Substantially rewritten and updated for this new edition, Human Rights in Europe, 4th Edition provides a comprehensive and readable introduction to the most advanced international human rights system in the world - the European Convention on Human Rights - which has been in force since 1953 and now protects the rights of 800 million people. Since the third edition was published in 1993, there have been a number of significant additions to the Convention case law and a major change to the supervisory arrangements in the form of Protocol No. 11, which came into force in November 1998. Full account is taken of these developments, together with relevant developments outside Strasbourg. The jurisprudence of the European Court of Human Rights is regularly cited and followed by courts around the world. Professor Merrills skillfully guides the reader through the institutional and substantive aspects of the European Convention on Human Rights and places those matters in the context of broader European developments.

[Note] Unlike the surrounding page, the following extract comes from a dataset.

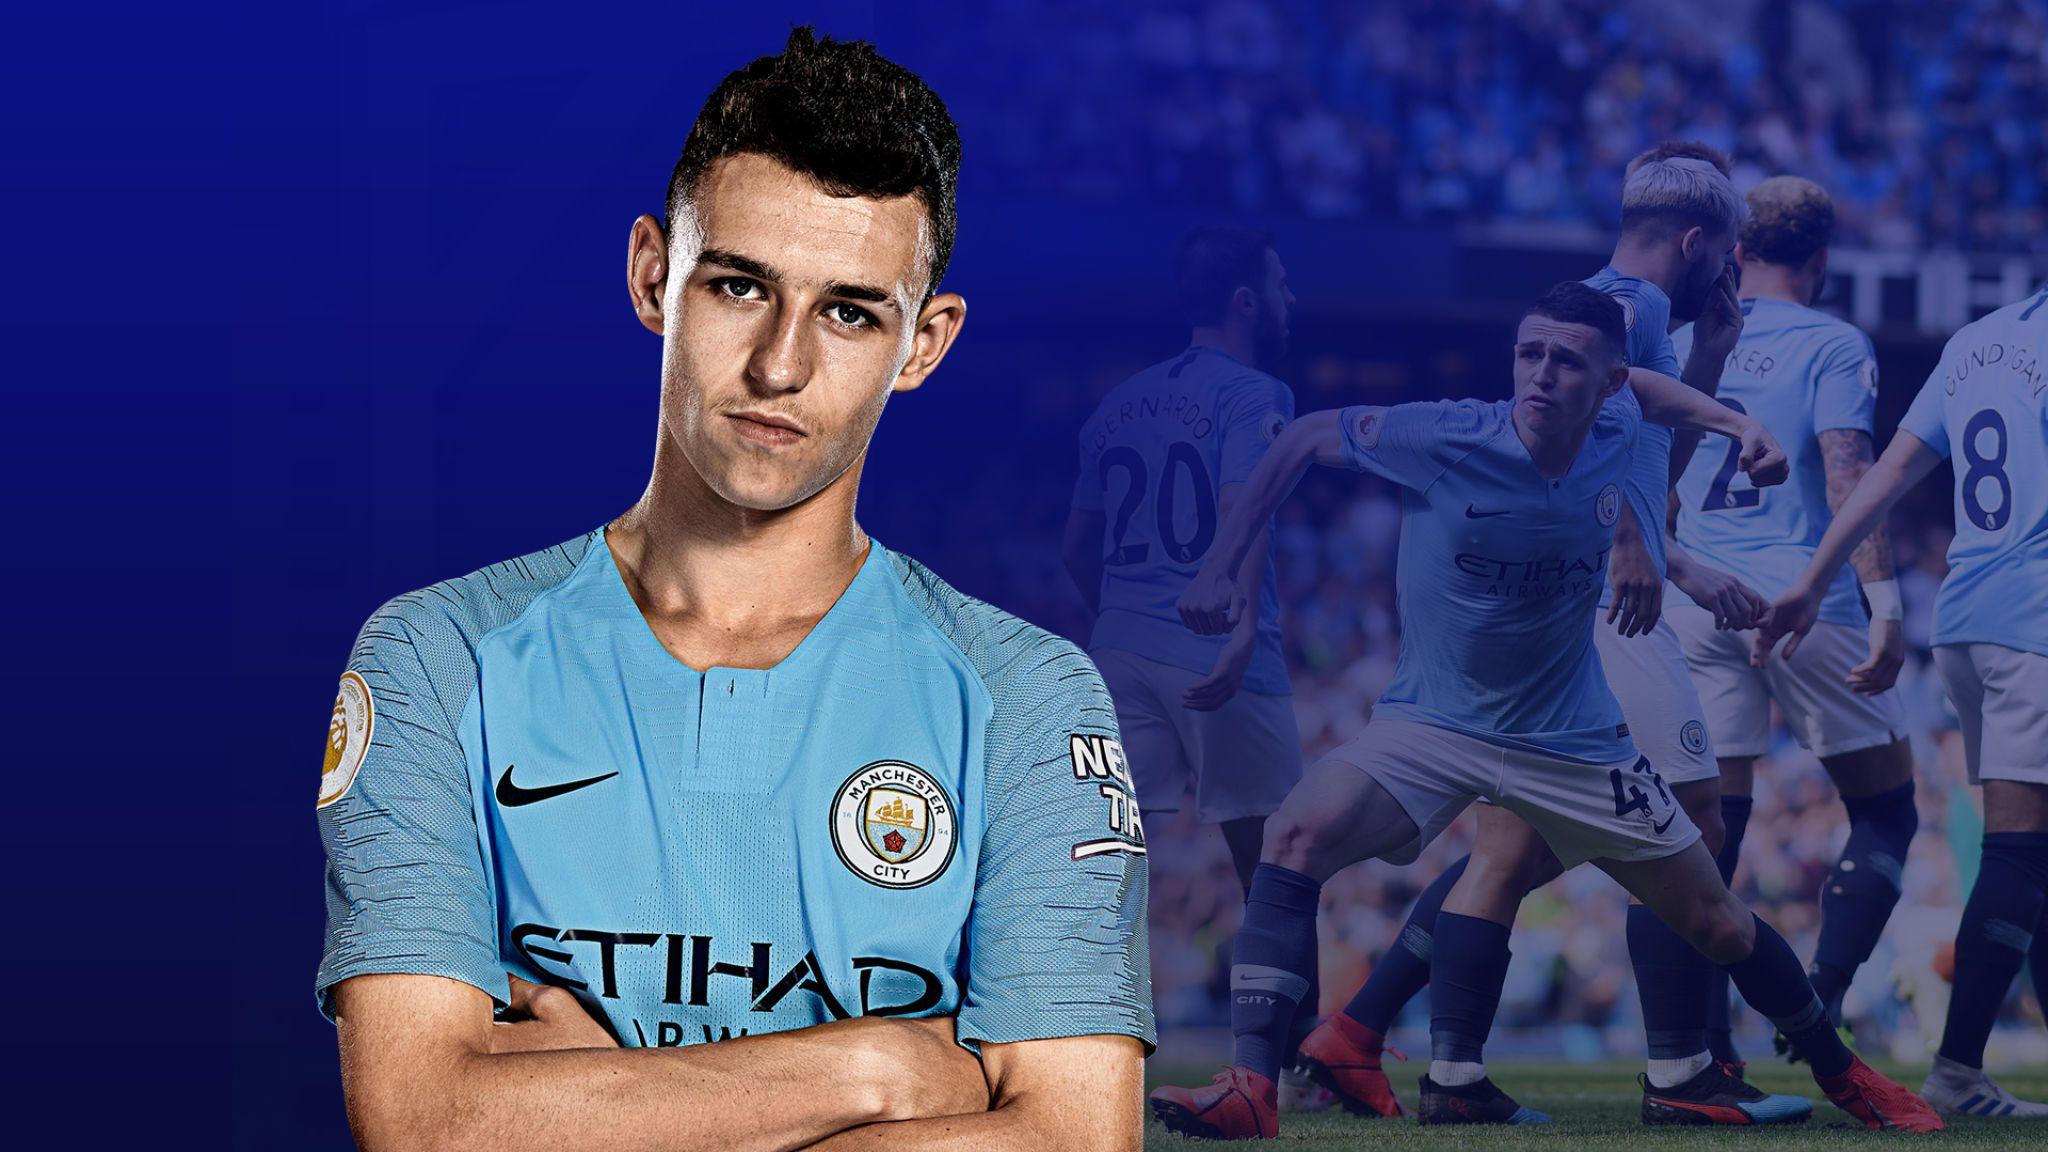 Pep Guardiola says Phil Foden is special and reveals first meeting

After a historical introduction, the authors provide a detailed analysis of the case law on the rights protected by the Convention and its Protocols. These chapters, which comprise the main part of the book, not only contain a wide-ranging account of the Strasbourg jurisprudence, but also analyze the distinctive style of reasoning to be found in this case law, clearly illustrated with practical examples. They then review the new European Court of Human Rights, set up in 1998, contrasting it with the original arrangements for supervising the Convention and conclude by considering the future of the Convention.
The book will be of particular interest to law students, law school professors, and practicing lawyers concerned with human rights.
J.G. Merrills is Deputy Dean of the Faculty of Law at the University of Sheffield, and Professor of Public International Law since 1985. Apart from time spent as a visiting lecturer in Canada and New Zealand, he has been at Sheffield since graduating from Oxford. He has written many books and articles in the area of public international law, as well as on international law generally. He was for eight years an alternate member of the UN Sub-Commission for Prevention of Discrimination and Protection of Minorities.
The late A.H. Robertson was Director of Human Rights, Council of Europe; Professor Associe, University of Paris I and Simon Visiting Professor at the University of Manchester.